** Opening Given material block **

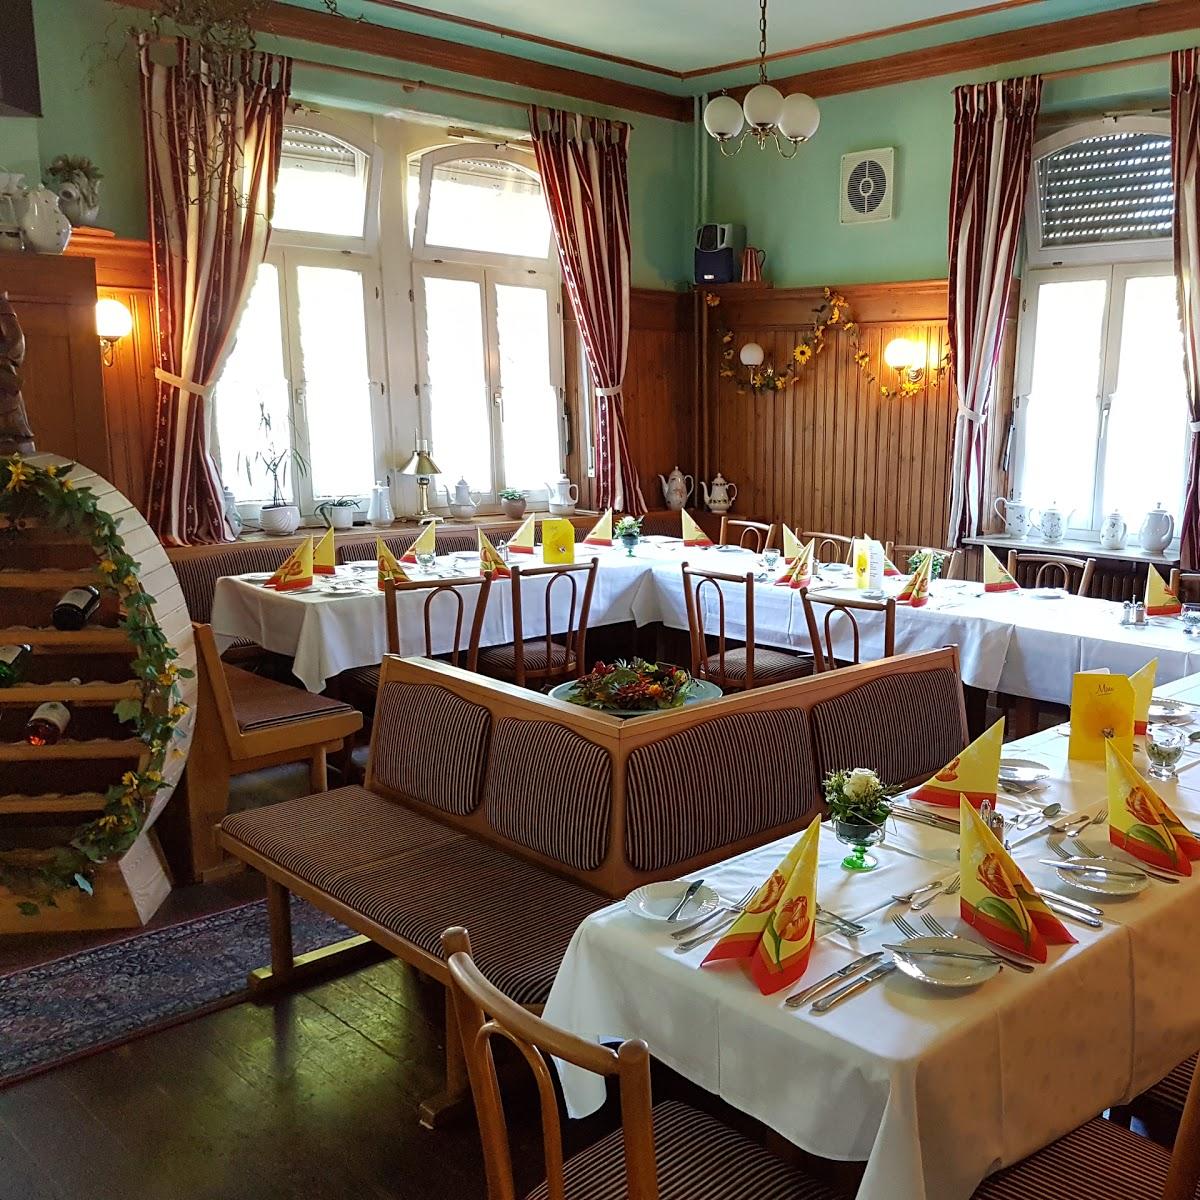 Restaurant "Zur Alten Eisenbahn" in  Collenberg
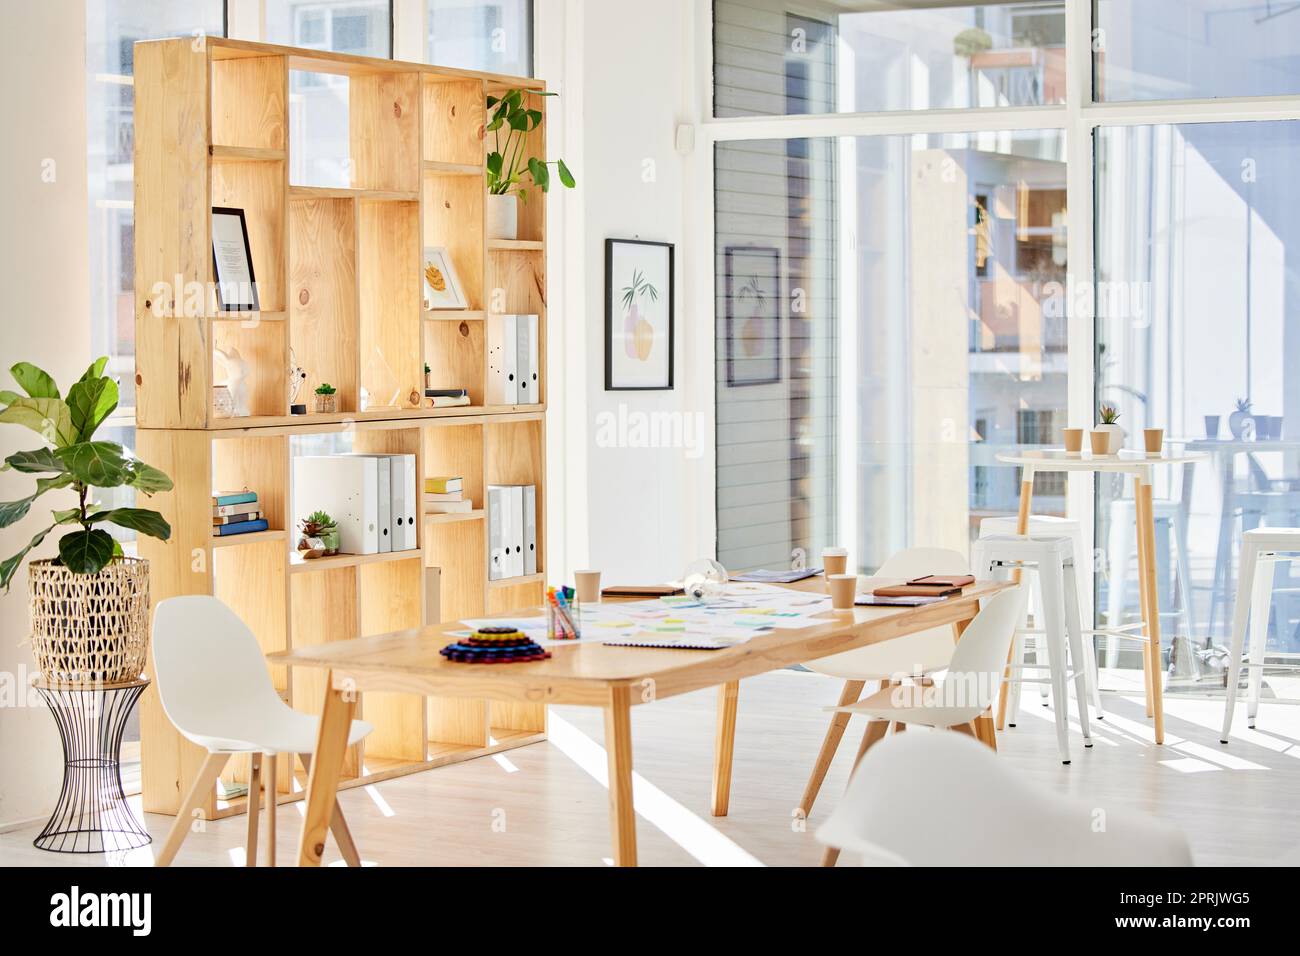 Bureau intérieur vide avec lumière, mobilier en bois et espace de travail pour les affaires et le travail. Décoration moderne et minimaliste d'une salle d'entreprise ou créative pour les employés ou le personnel Banque D'Images
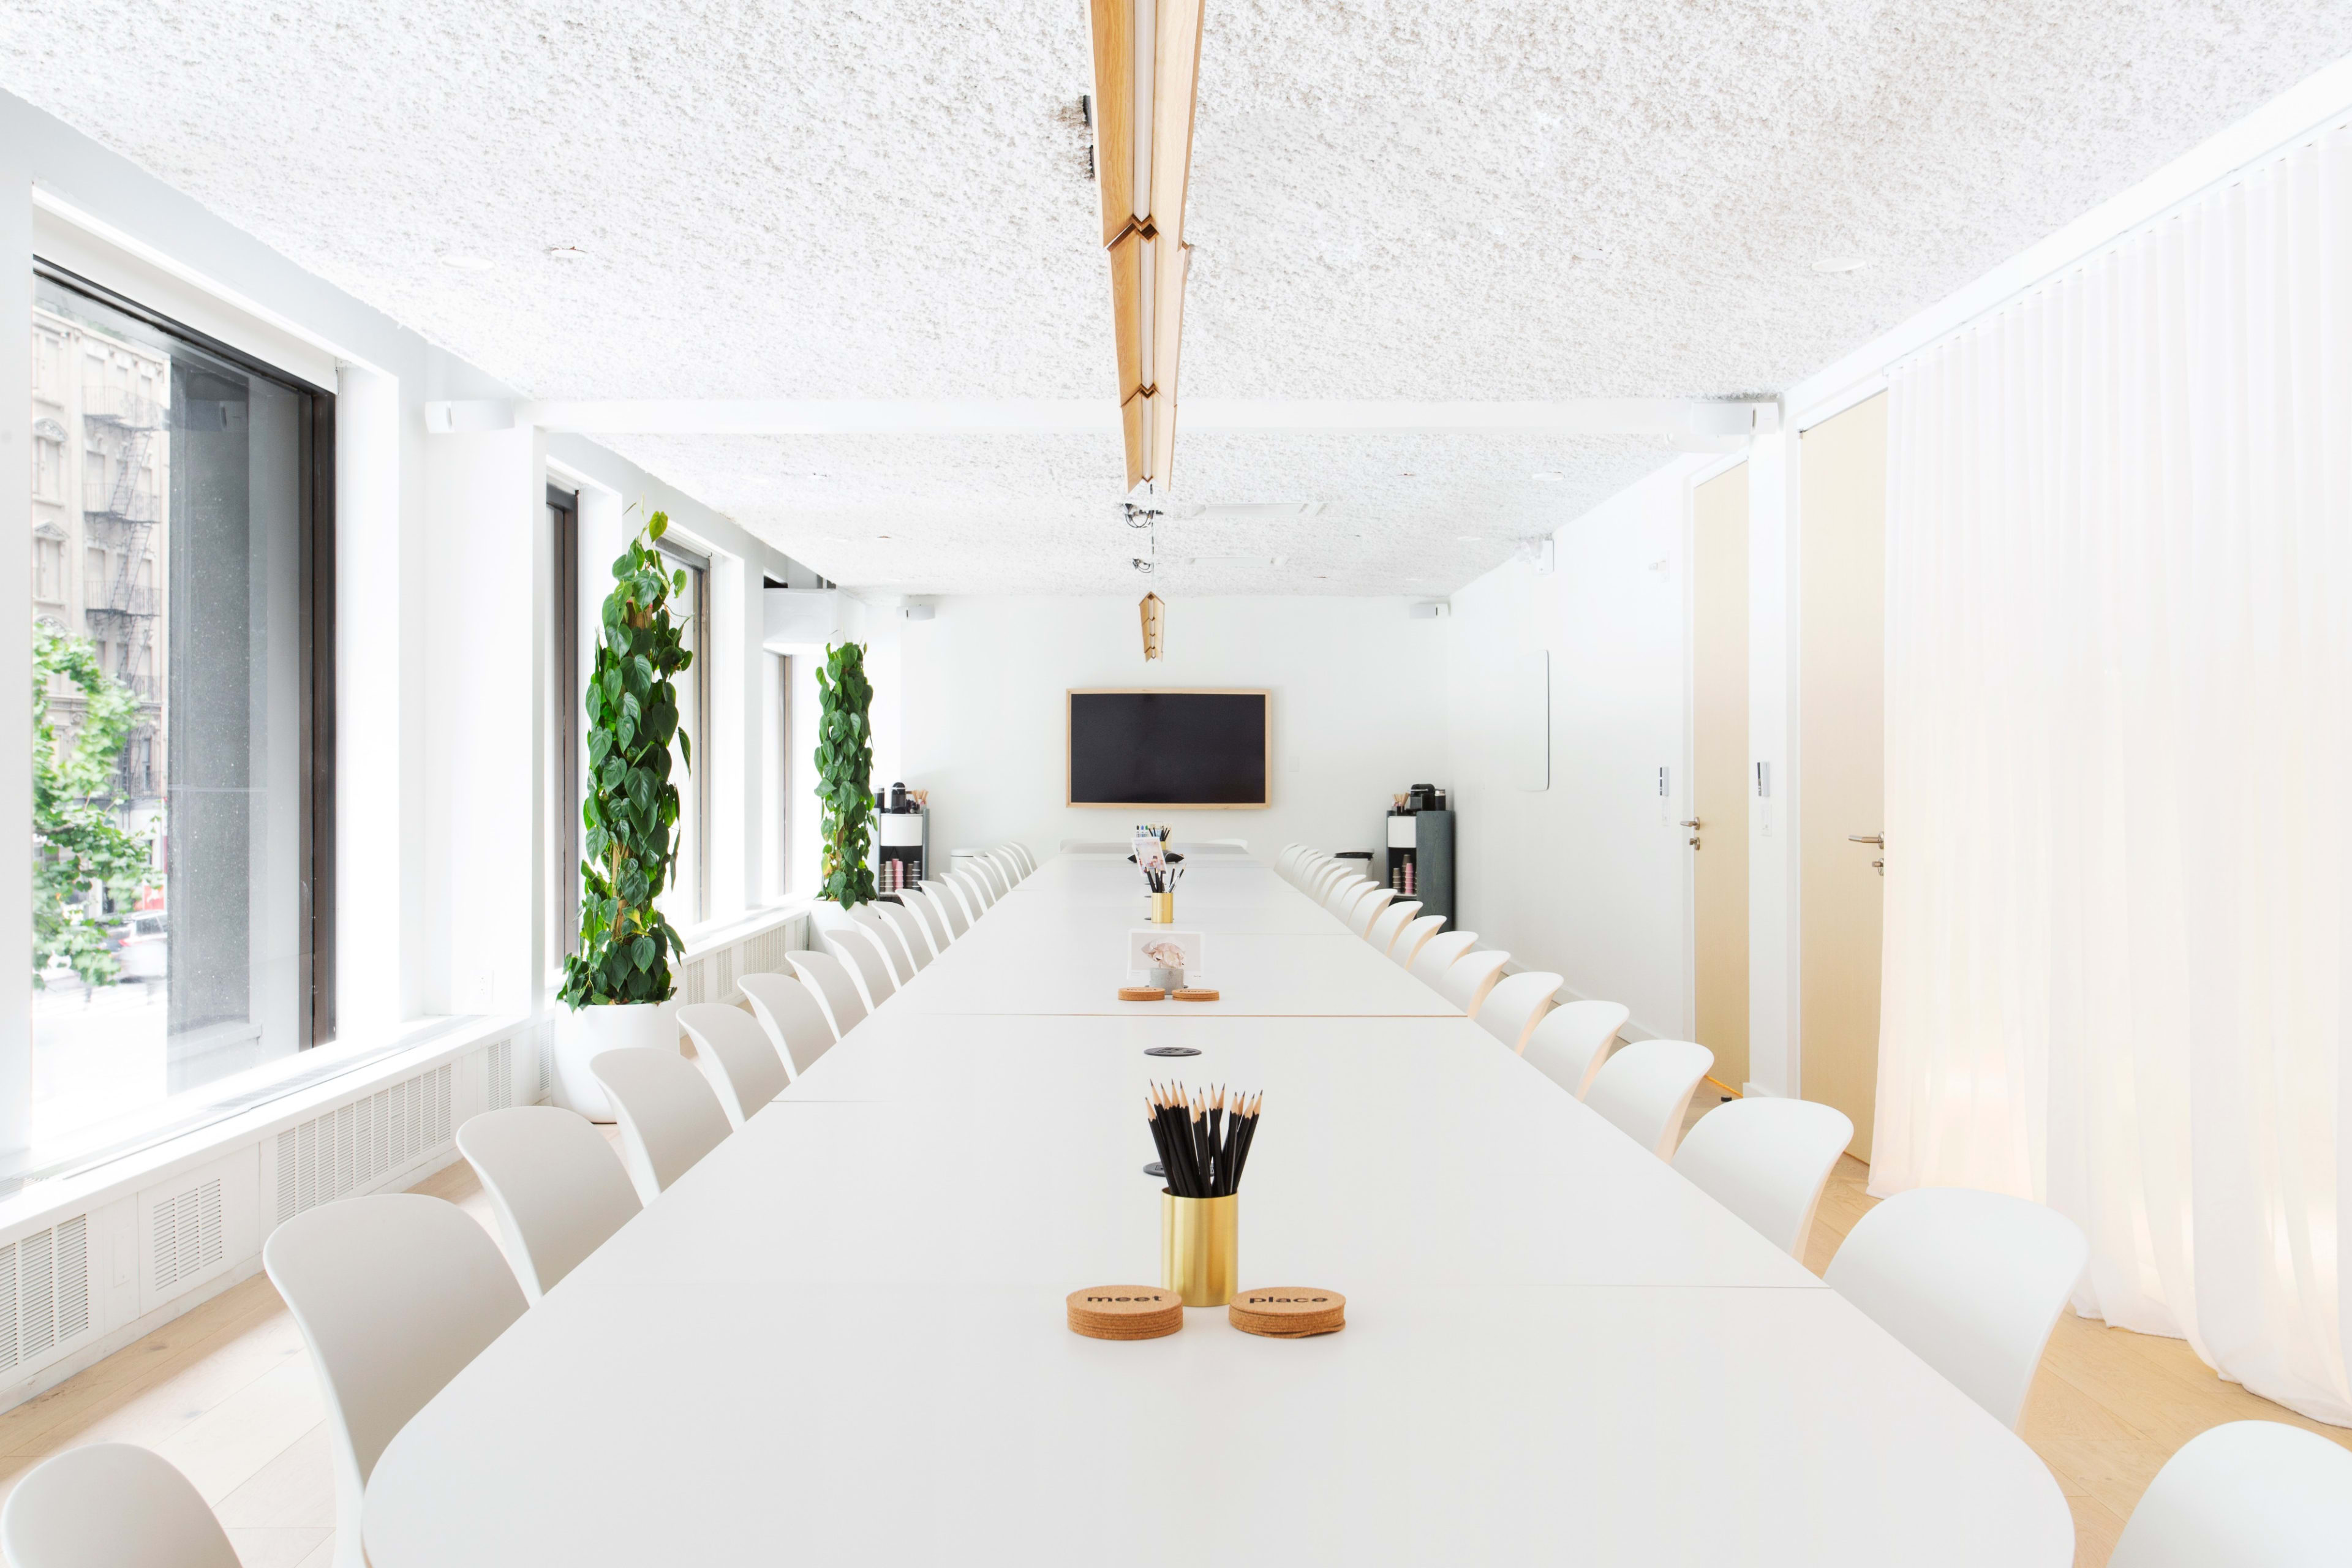 10 Best Meeting Rooms For Rent in San Francisco, CA | Peerspace

** Closing Given material block **

The full listing above, duplicated exactly and without its pictures, is the answer.

 Restaurant "Zur Alten Eisenbahn" in  Collenberg
 Bureau intérieur vide avec lumière, mobilier en bois et espace de travail pour les affaires et le travail. Décoration moderne et minimaliste d'une salle d'entreprise ou créative pour les employés ou le personnel Banque D'Images
 10 Best Meeting Rooms For Rent in San Francisco, CA | Peerspace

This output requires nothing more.